Die Erlaubnis, zehn Billionen Mark in Scheinen zu zehn Milliarden drucken zu dürfen, hatten die Herzogenauracher Stadtväter 1923 beim Berliner Finanzminister angefordert. Das wurde gestattet, aber das Geld war durch die Inflation nichts wert.
Vor 100 Jahren hätten sich eigentlich sehr viele Herzogenauracher oder Höchstadt "steinreich" fühlen müssen. Sie erlebten zwischen 1918 und 1923 die größte Inflation, die es jemals in unserem Land gegeben hat. Doch eigentlich begann die Geld- und Wirtschaftskrise bereits 1914 unmittelbar nach dem Ausbruch des Ersten Weltkriegs. Die Kriegsführung verschlang zwischen 1914 und 1918 unvorstellbare Summen. Und da die Staatskasse die Kosten nicht mehr auffangen konnte, wurde der "kleine Mann" im Rahmen der kriegswirtschaftlichen Maßnahmen verstärkt zur Kasse gebeten. Man zeichnete Kriegsanleihen, in der Hoffnung, sein Geld nach einem siegreichen Krieg mit Gewinn zurückzuerhalten.
Gleichzeitig musste sich die Bevölkerung bereits ab 1915 Einschränkungen gefallen lassen. Die Preise stiegen zwischen 1914 und 1918 durchschnittlich um 100 Prozent im Jahr oder insgesamt auf das 16-Fache. Von einer geregelten Versorgung mit den wichtigsten Grundnahrungsmitteln (Kartoffeln, Mehl, Fett) konnte bis 1918 nicht mehr die Rede sein.

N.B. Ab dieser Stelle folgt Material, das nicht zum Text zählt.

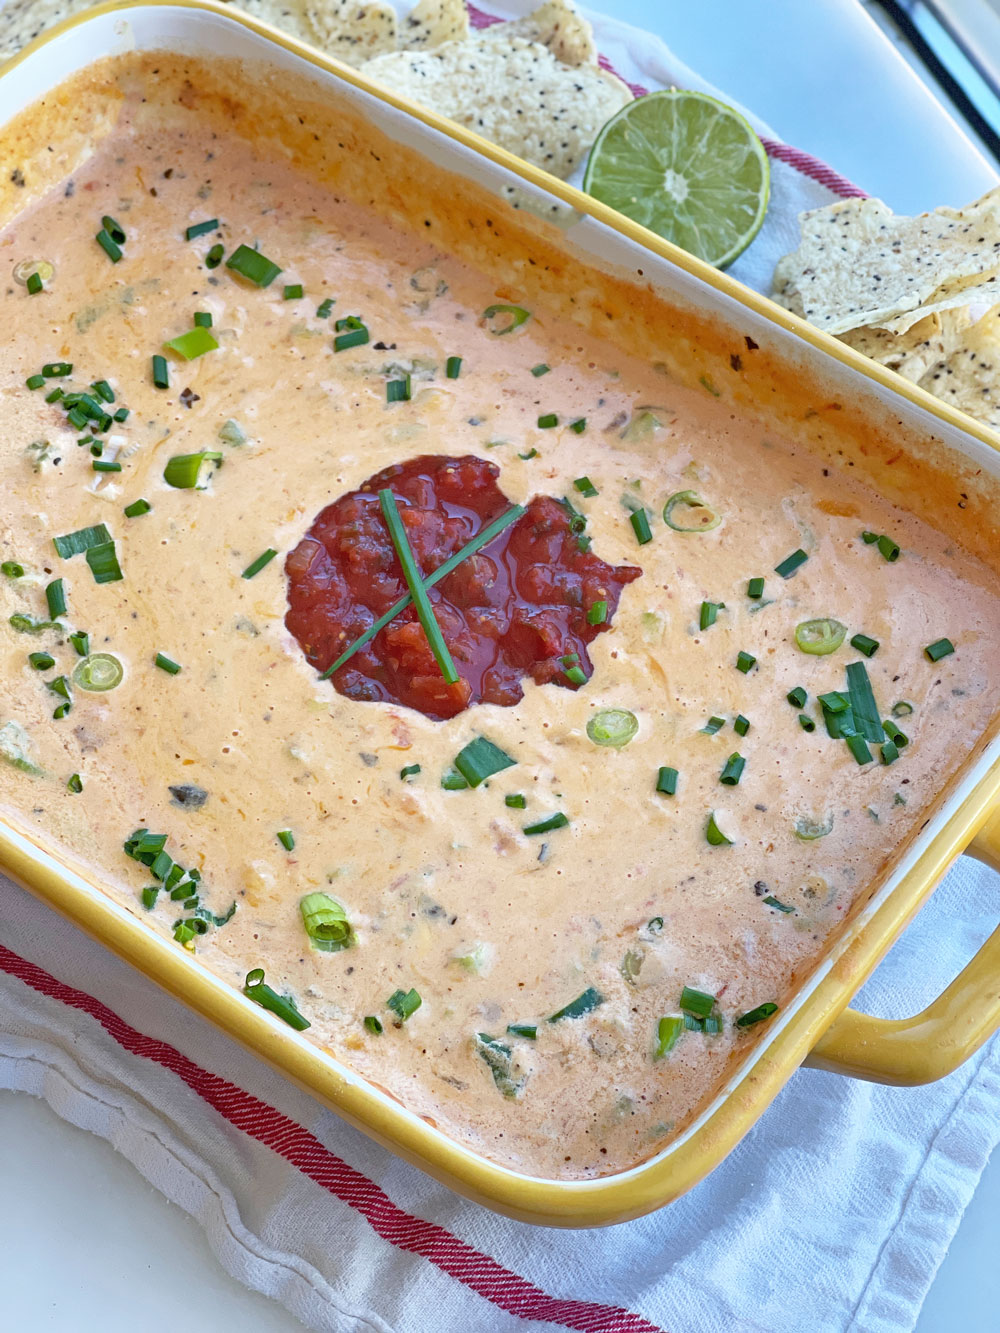 Easy Baked Queso Dip. This easy hack makes cooking easier and less mess. Happy Cooking! www.ChopHappy.com #quesodip #tiktokhack

Und als nach dem verlorenen Krieg noch die Reparationsforderungen der alliierten Siegermächte hinzukamen, waren die Ersparnisse zahlloser Familien weitgehend vernichtet. Bereits bis Ende des Krieges musste der Zahlungsverkehr mit Kleingeld, also mit Münzen bis zu fünf Mark eingestellt werden, weil die Rohstoffe wie Kupfer oder Nickel für Rüstungsgüter benötigt wurden.
Zehn-Pfennig-Münzen gab es ab 1916 aus Eisen oder Aluminium, später als fast wertlose Papierscheine. Mit der Sammelaktion "Gold gab ich für Eisen" wurde der Mittelstand um seine Ersparnisse gebracht.

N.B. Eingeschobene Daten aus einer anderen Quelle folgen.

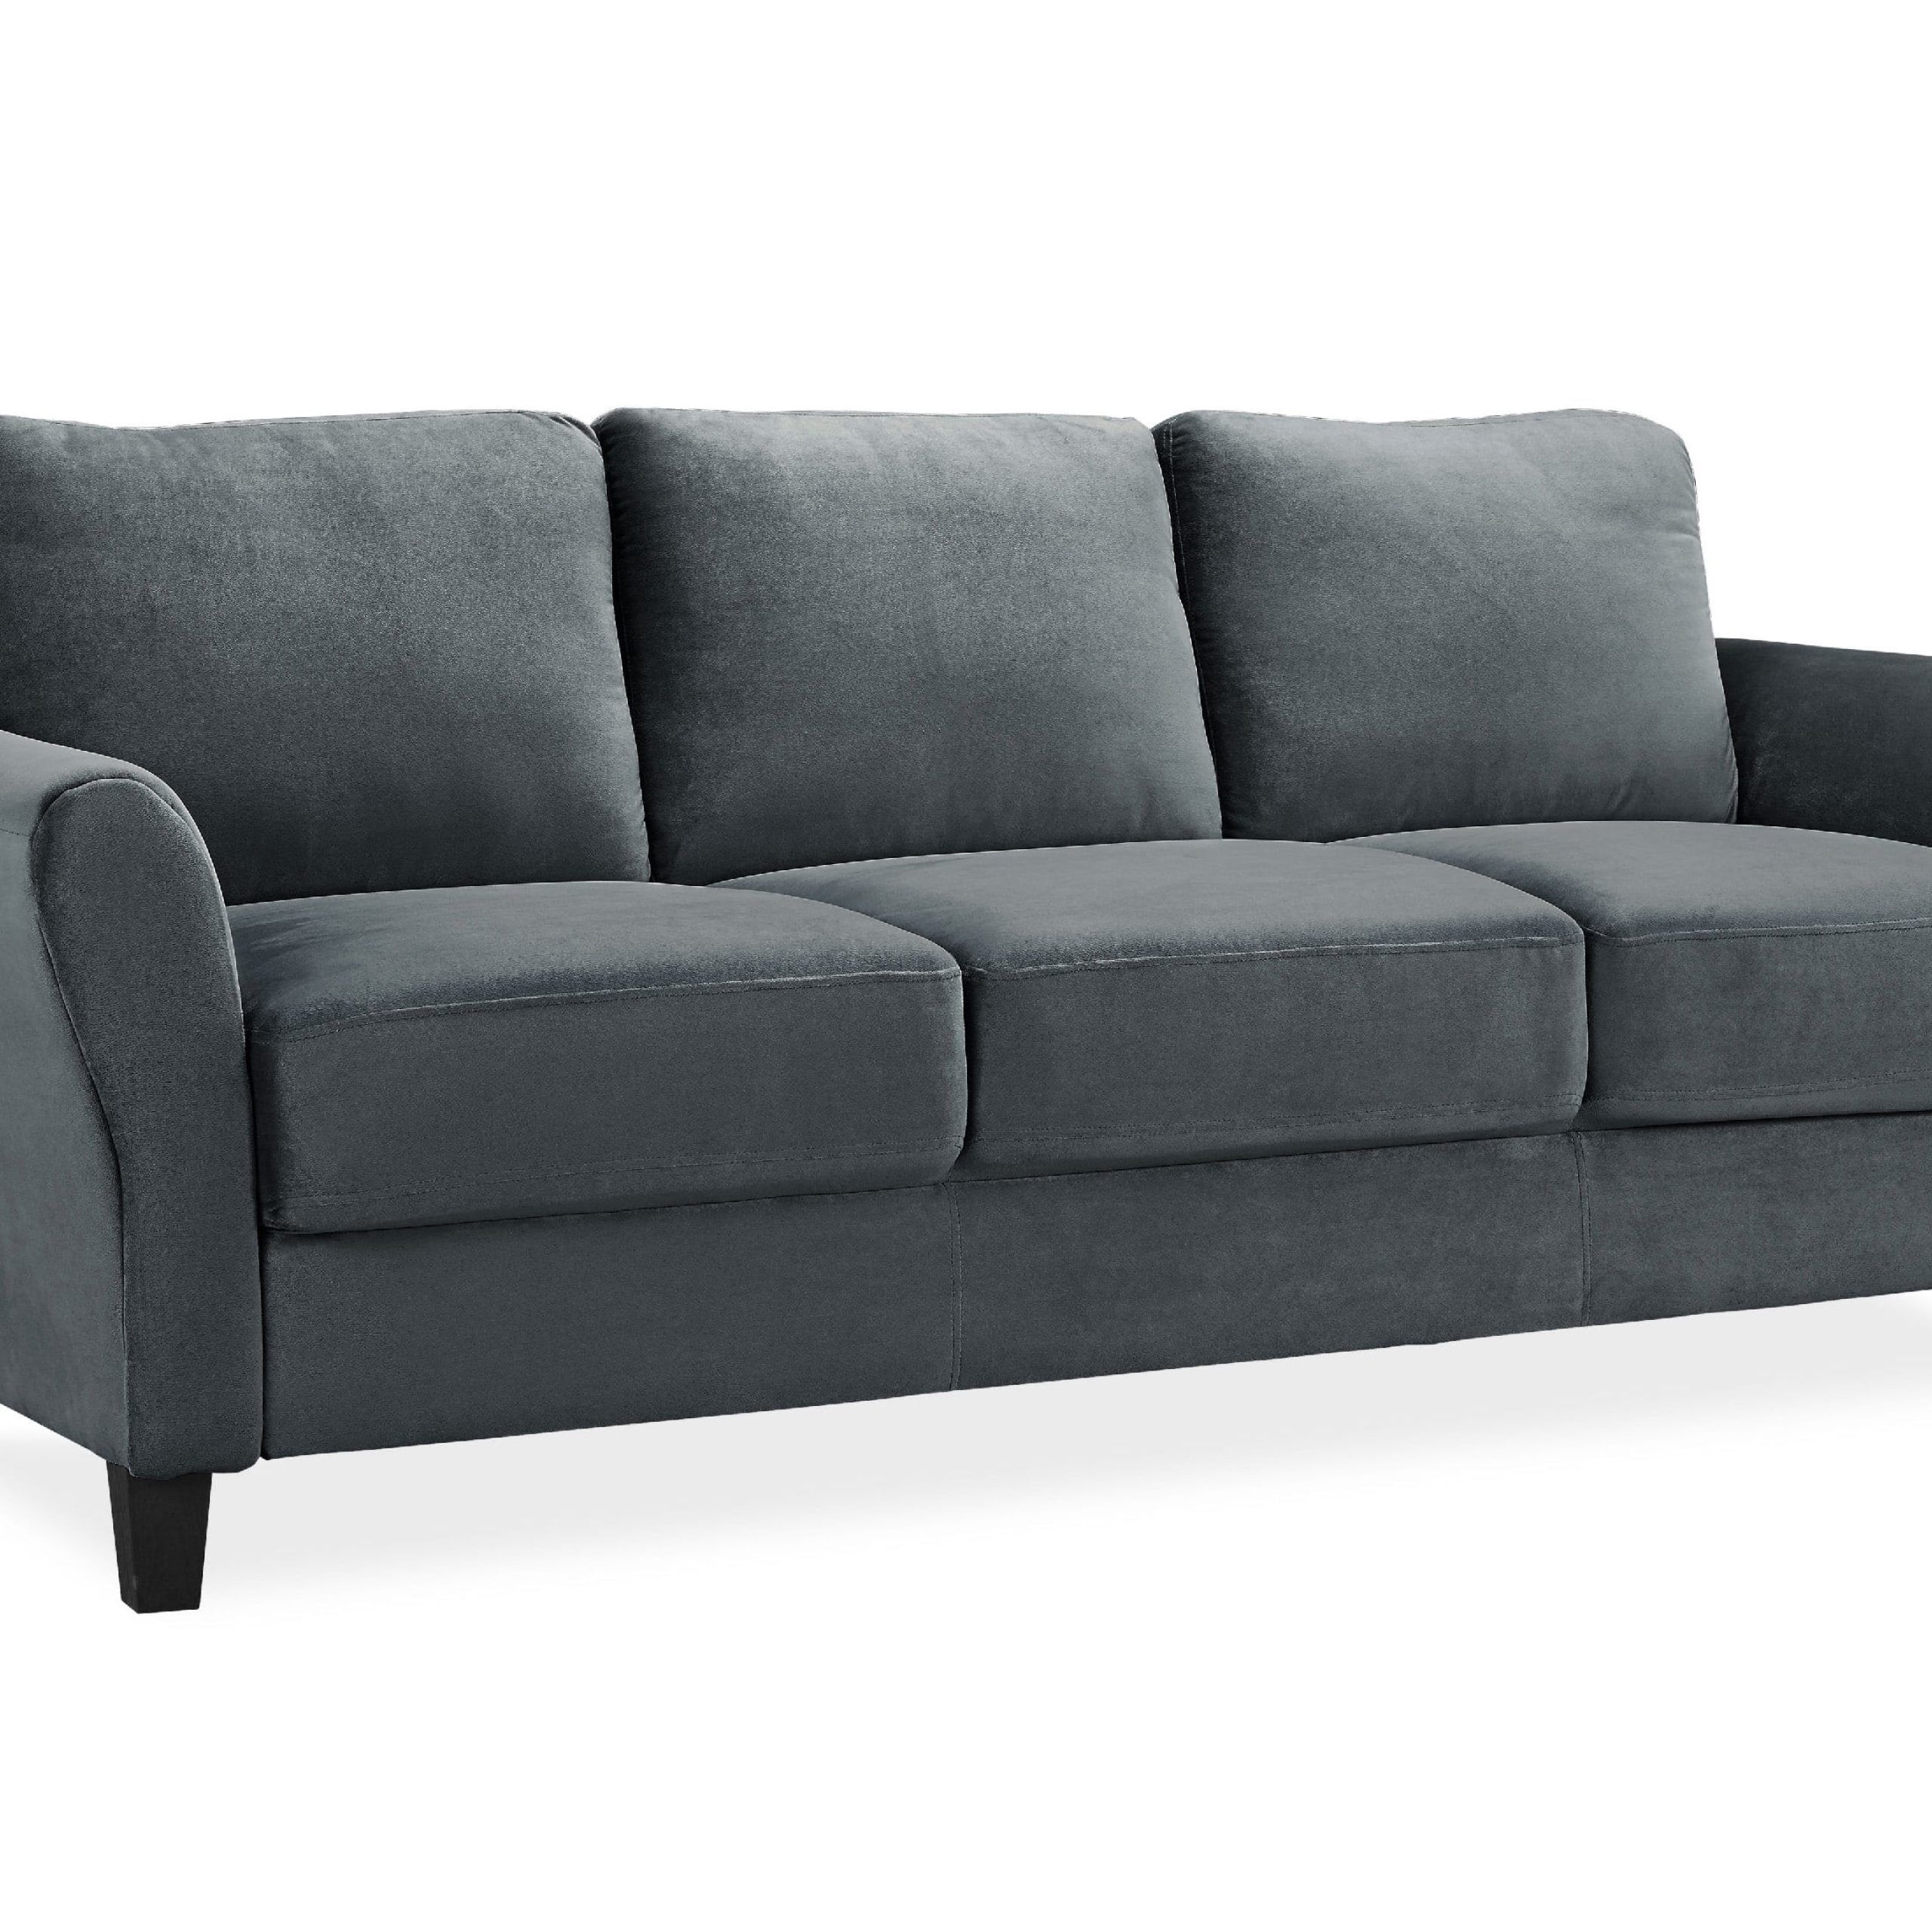 Lifestyle Solutions Alexa Sofa With Curved Arms, Gray Fabric – Walmart Intended For Sofas With Curved Arms (Photo 1 of 15)

Vor allem in den Städten klagte die Bevölkerung über den Mangel an notwendigsten Versorgungsgütern. Fleisch, Butter, Eier wurden in den Großstädten zu unerschwinglichen Luxusgütern, und bereits 1915 wurden Brotkarten eingeführt, die allerdings keine Gewähr für die Verbraucher boten, dass sie auch das Notwendigste gegen Eintausch der Marken erhielten.
Selbst Kleinstädte wie Herzogenaurach mit seinen rund 3000 Einwohnern trafen die Versorgungsengpässe bis zum Kriegsende sehr hart. So mussten sich die beiden Konditoreien Weiß und Café Adler (beide Hauptstraße) mit der Zuweisung von einem halben Zentner Zucker (25 Kilogramm) im September 1918 zufriedengeben. Und weil immer mehr landwirtschaftliche Flächen im Landkreis Höchstadt statt für Getreide-für Kartoffelanbau hergenommen wurden, stand es auch schlecht um die Getreideversorgung in unserer Gegend.
Bald standen auch die Dreschmaschinen still, denn die Lieferung mit Leichtbenzin für diese Maschinen war mit dem 19. Juli 19118 eingestellt worden. In Herzogenaurach sank zudem die Zuteilung von Leder für die schwächelnde Schuhindustrie seit März 1917 auf gerade einmal 20 Pfund(!), in Höchstadt gar auf 15 Pfund für Besohlungen und Ausbesserungen. Wie sollte da die Schuhproduktion aufrechterhalten bleiben?